I want to wear a man’s jacket and have trousers with pockets that I could put my hands in so that when I put my hands in my pockets, like Jimmy does, the bottom of my jacket (if I had a jacket) would crumple up just like his.

I want to be like that boy Jimmy who climbs up the tower in the middle of the climbing frame and says: I’m at the top of the chimbley pock I’m at the top of the chimbley pock.

But the hairy blanket at afternoon sleep time. . .

and the big girls at the minders, where you leave me at the beginning of the day...

those big girls who kept saying “fainites” just as I was about to say they were “on”. . .

. . . all that, I don’t like.

SHIRLEY HUGHES WRITER AND ILLUSTRATOR

The first momentous impact on me aged five of Miss Todd’s dame school, situated in an Edwardian semi-detached house in West Kirby, was the tiled path leading up to a glass-panelled front door.

Then the awful sinking feeling of arriving at the row of shoebags which lined the narrow hall.

Miss Todd was terrifying. She had advanced views about education and wore hand-embroidered smocks.
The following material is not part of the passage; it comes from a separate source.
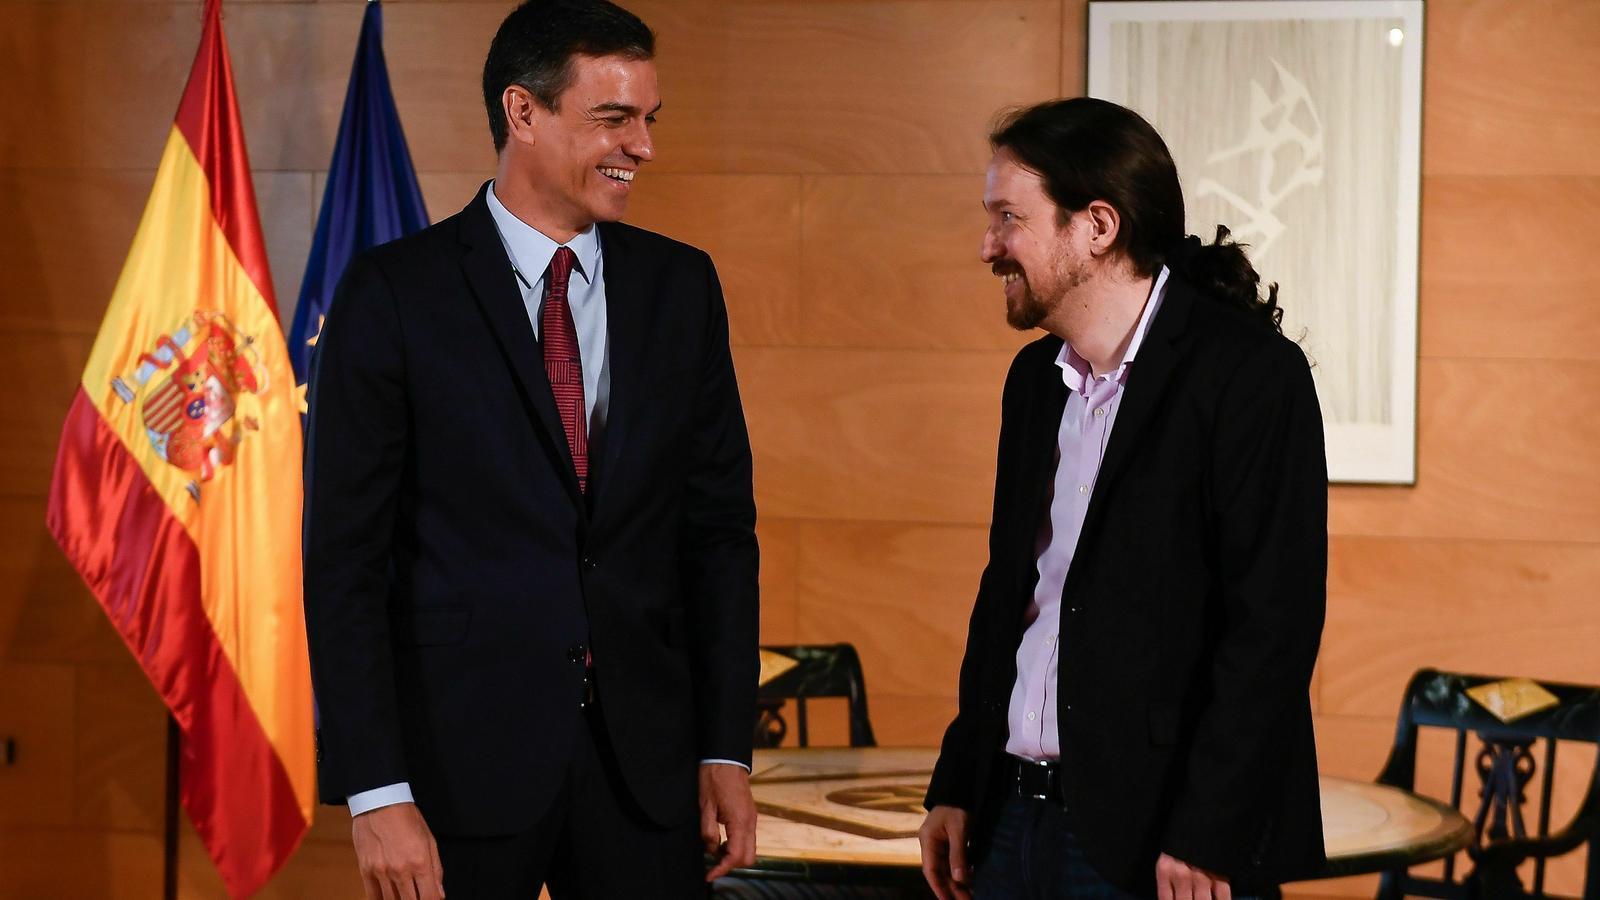 Sánchez i Iglesias compareixeran al Congrés per fer un anunci sobre les negociacions per formar govern
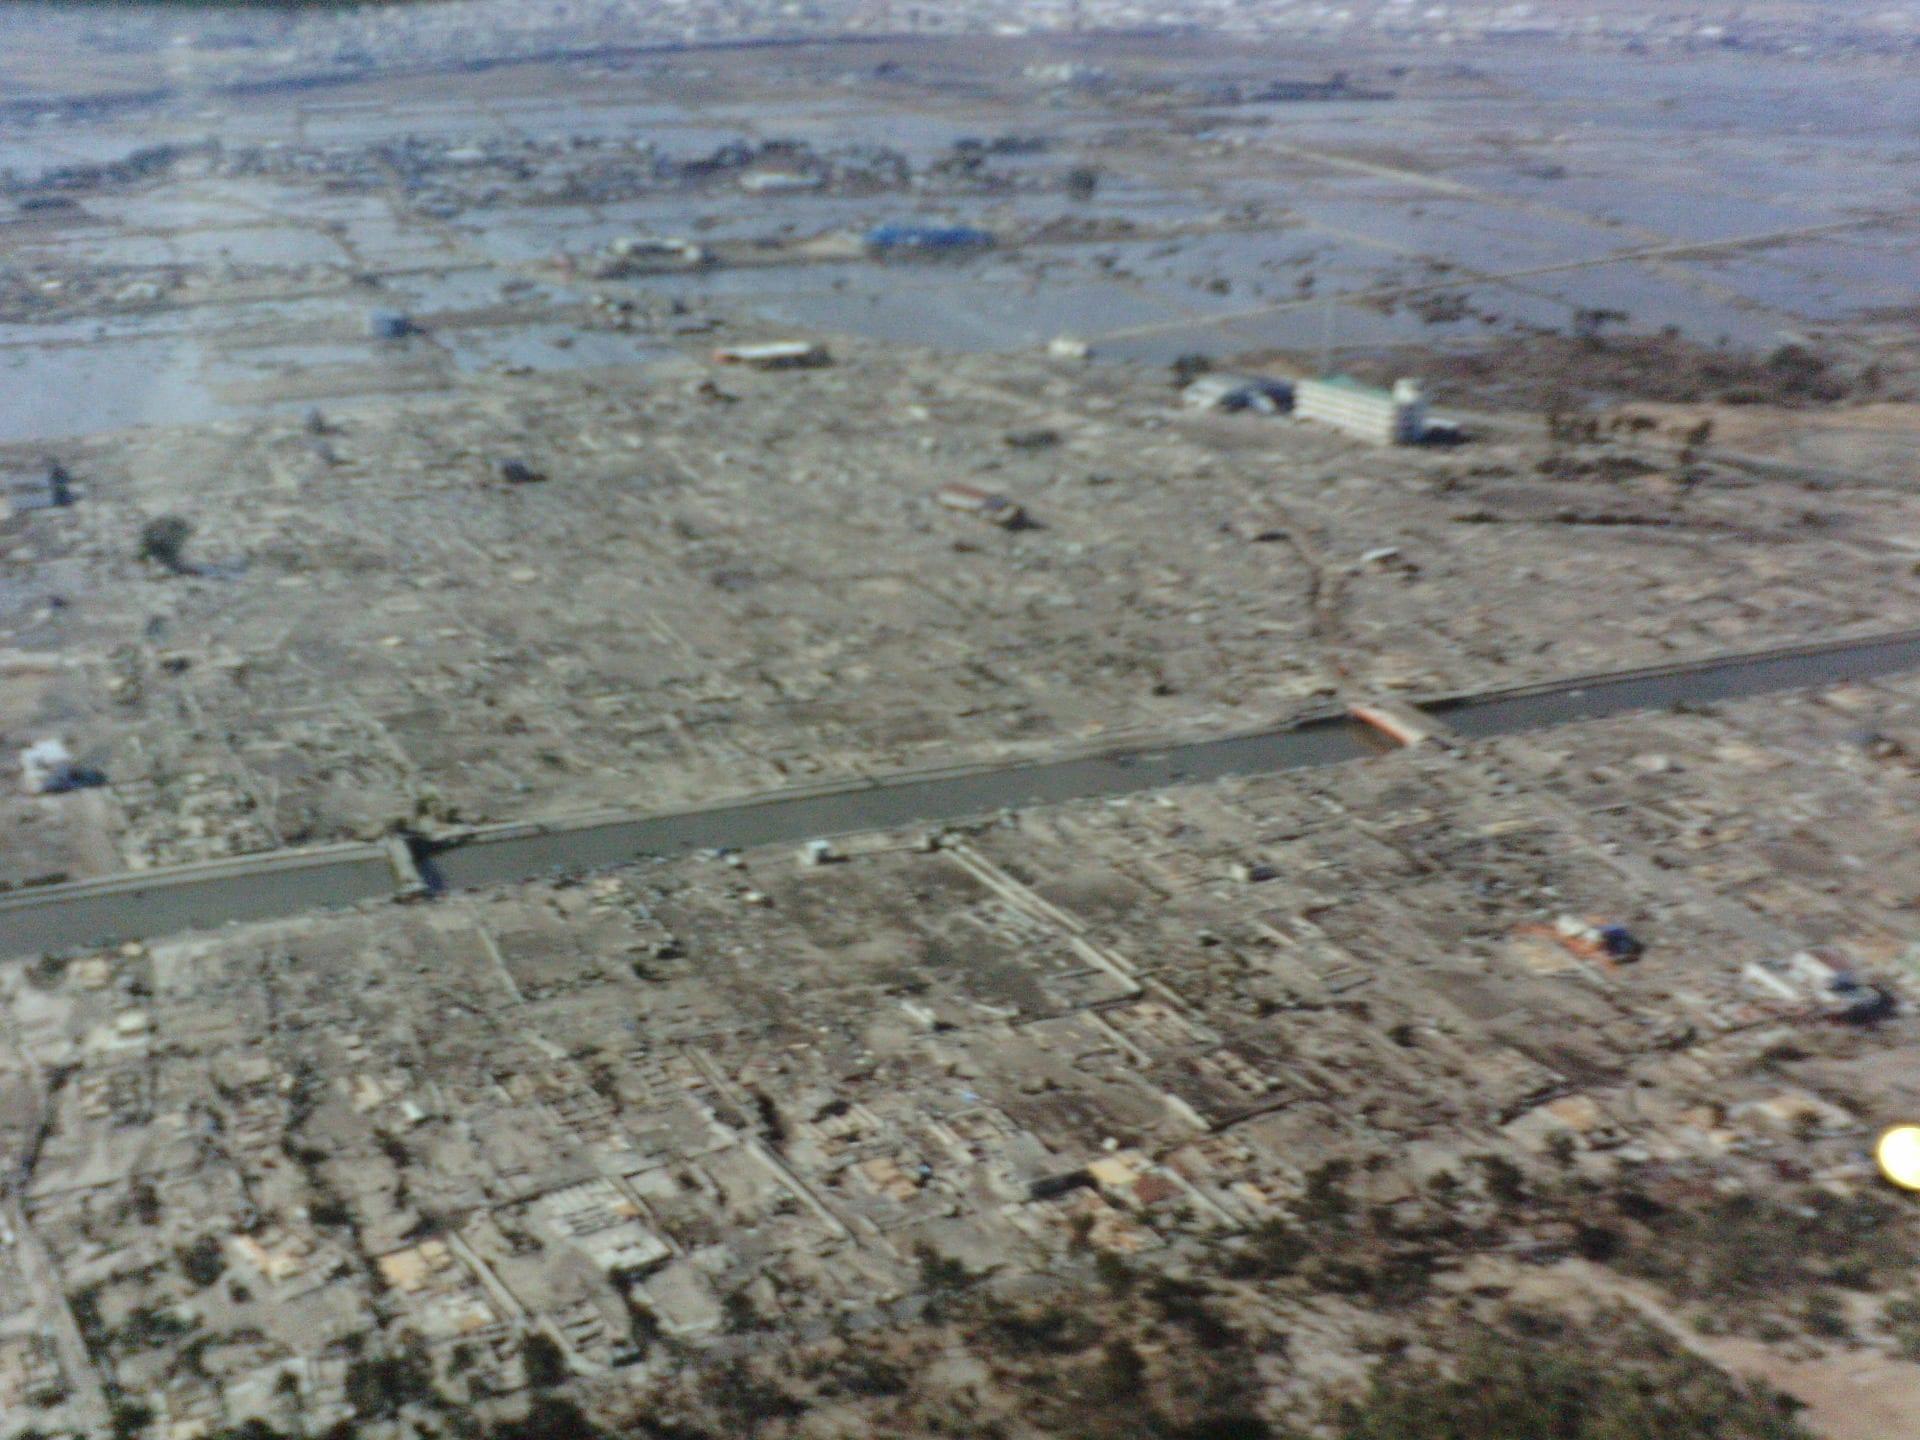 東日本大震災(⑧;仙台市付近沿岸の津波被害(1)) - とりあえずやってみっかなぁ

I remember her springy bobbed hair, black snapping eyes and loud commanding voice; but the main perspective then was of strap-over buttoned shoes and muscled legs in shiny brown lisle stockings.

The kindergarten was in what would have been the front bedroom, where Miss Hale, the only other teacher, with a golden plait wound around her head, was a sunlit Constable landscape compared with Miss Todd’s Turneresque thunderbolts.

I quite enjoyed threading coloured wooden beads and joining a singing game, walking round and round in a circle on the polished linoleum: “I am small I know, but where e’er I go, the fields grow greener still . . .!” At break we had an Italian wafer biscuit. But something was indefinably wrong with the tepid milk drink masquerading as Bournvita. Mercifully we didn’t have to stay for dinner.

DR KANWALJIT KAUR-SINGH LEA inspector and chair of the British Sikh Education Council

I still vividly remember my first day at Guru Nanak Dev girls’ school in India when I was four and a half years old. I left my mother’s hand trying hard to swallow my tears, and followed the teacher to my desk (no toys or games, only a board and a chalk). The teacher asked me if I could write my name and gave me some other tasks. Having filled every inch of my board, completely exhausted, I sat there waiting. The teacher came, looked at my work, and said, “You know everything, who has been teaching you?” I gave a coy smile and answered, “Mummy”.

On the way home, when my mother asked me what I did in school, I told her that the teacher said that “I know everything.” After a pause of a few seconds, I told my mother that “I think that I should leave school as I know everything. ” Ever since that first day when I knew everything, I have spent my life learning how little I know.

PETER SMITH GENERAL SECRETARY, ASSOCIATION OF TEACHERS AND LECTURERS

My mother was in rural Ireland during the worst period of the Blitz. The school was run by nuns. I must have been four. A classroom fall gave me my first lesson in politics. Consolingly, a nun said that I was a brave little English soldier - so guaranteeing me a playground thumping.

Back in England I had a whole succession of first days at school as my parents, homeless, moved about the country. There was the school in Manchester where I thought the day had ended at morning break, and so I unwittingly absconded. There was a small private school in Harrow which reeked of elderly sprout water, where the only memorable activity was making shopping baskets out of waxed card, milktops and raffia.

Then there was the Catholic school (St Mary’s in Brockley. south-east London) where where I was wrongly diagnosed as deaf. Here I learnt the catechism, to hate football, to play the trumpet and to read - in pretty much that order.